WHAT TO PRODUCE
Using the listing below, reproduce exactly the lines from the one with "Набор салфеток для" through the last, with all pictures left out.

GIVEN MATERIAL
================================

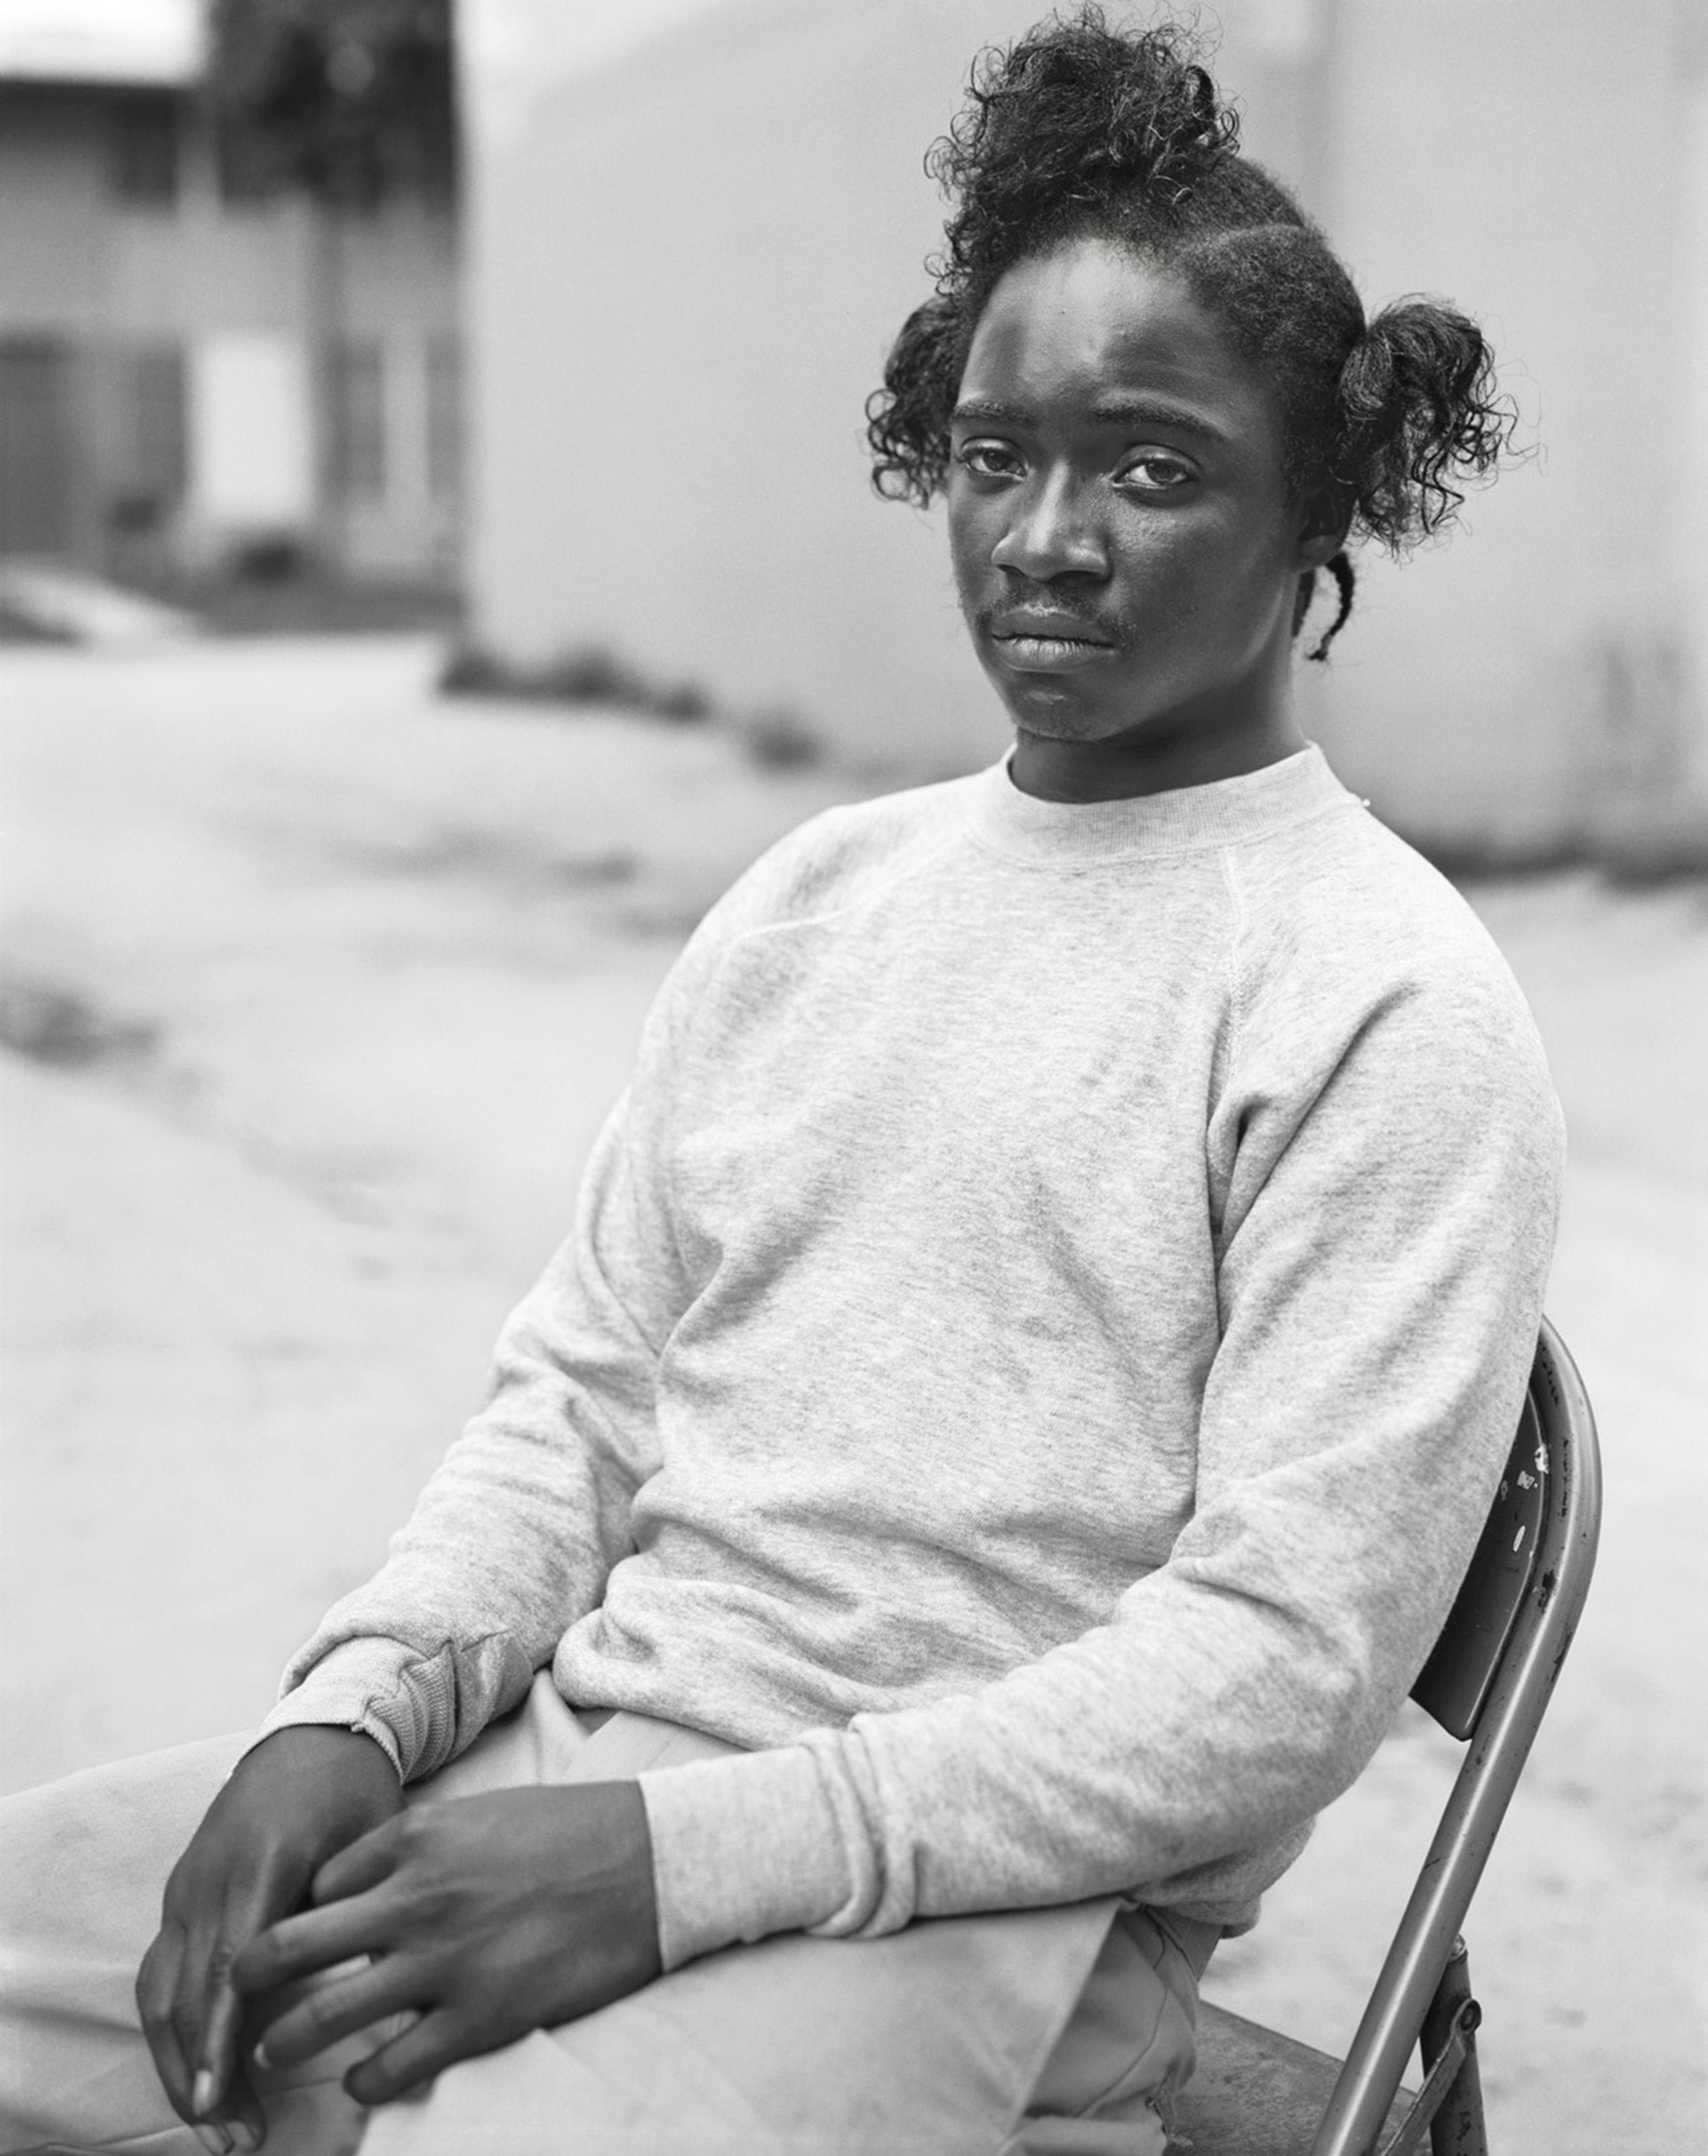 Toussaint, 1993
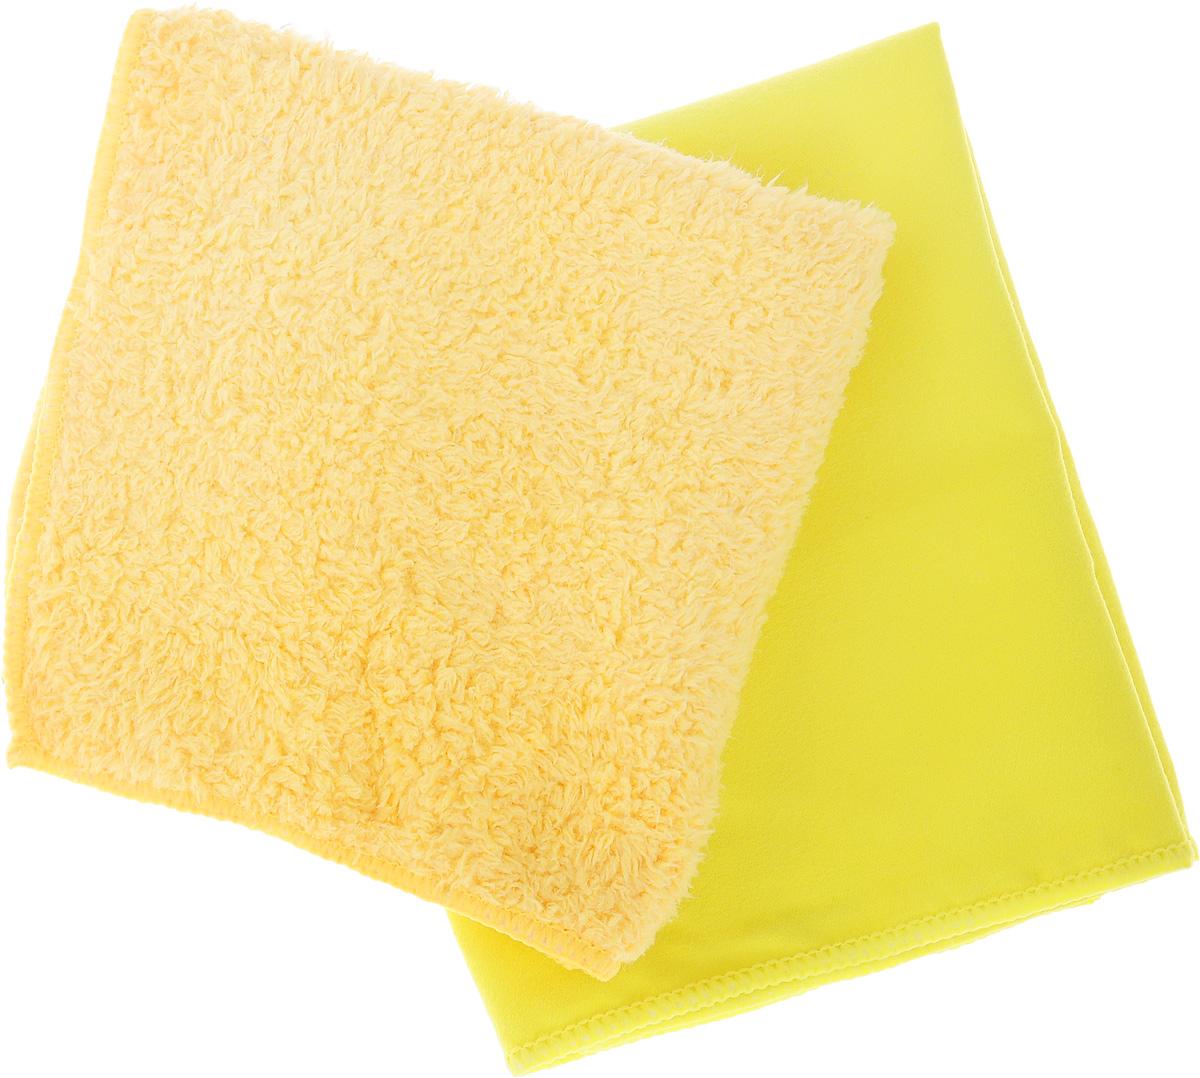 Набор салфеток для мытья и полировки автомобиля Sapfire Cleaning Сloth & Suede, цвет: желтый, оранжево-желтый, 35 х 40 см, 2 шт esley
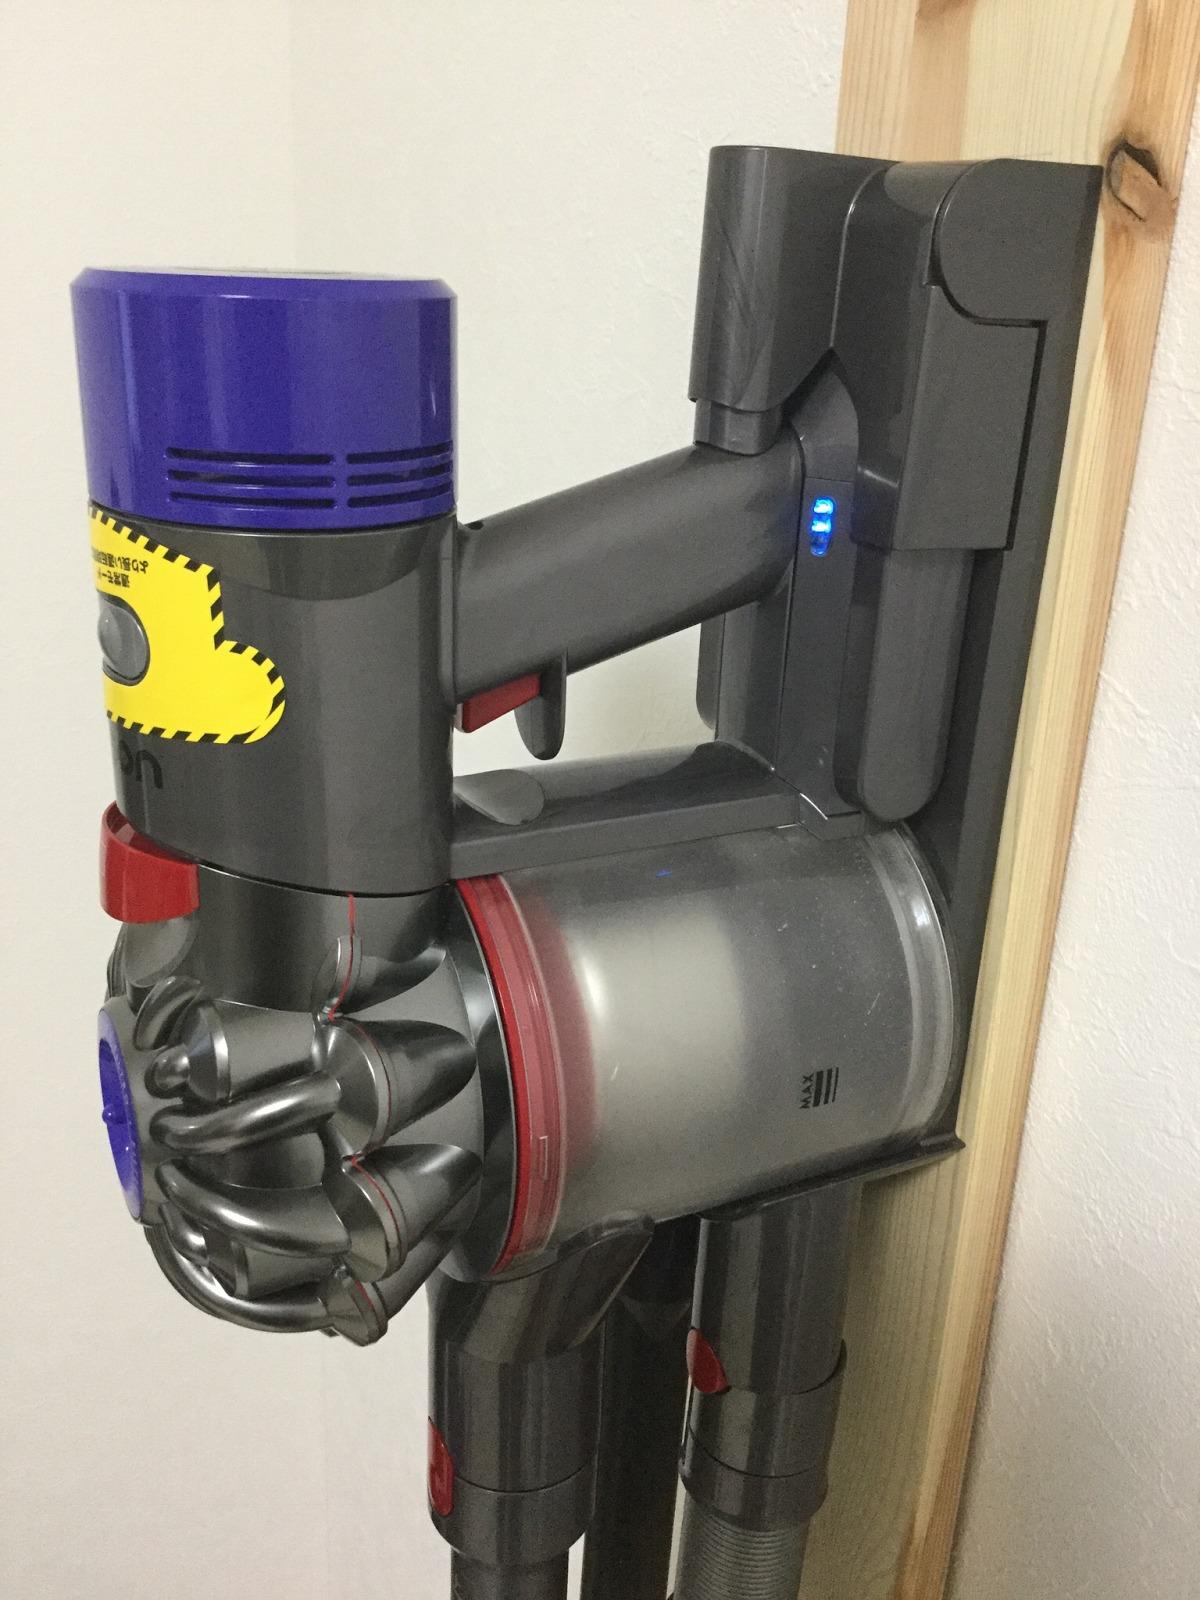 ダイソン コードレス 掃除機 バッテリー 寿命

================================

REPLY TO THE EXERCISE
 Набор салфеток для мытья и полировки автомобиля Sapfire Cleaning Сloth & Suede, цвет: желтый, оранжево-желтый, 35 х 40 см, 2 шт esley
 ダイソン コードレス 掃除機 バッテリー 寿命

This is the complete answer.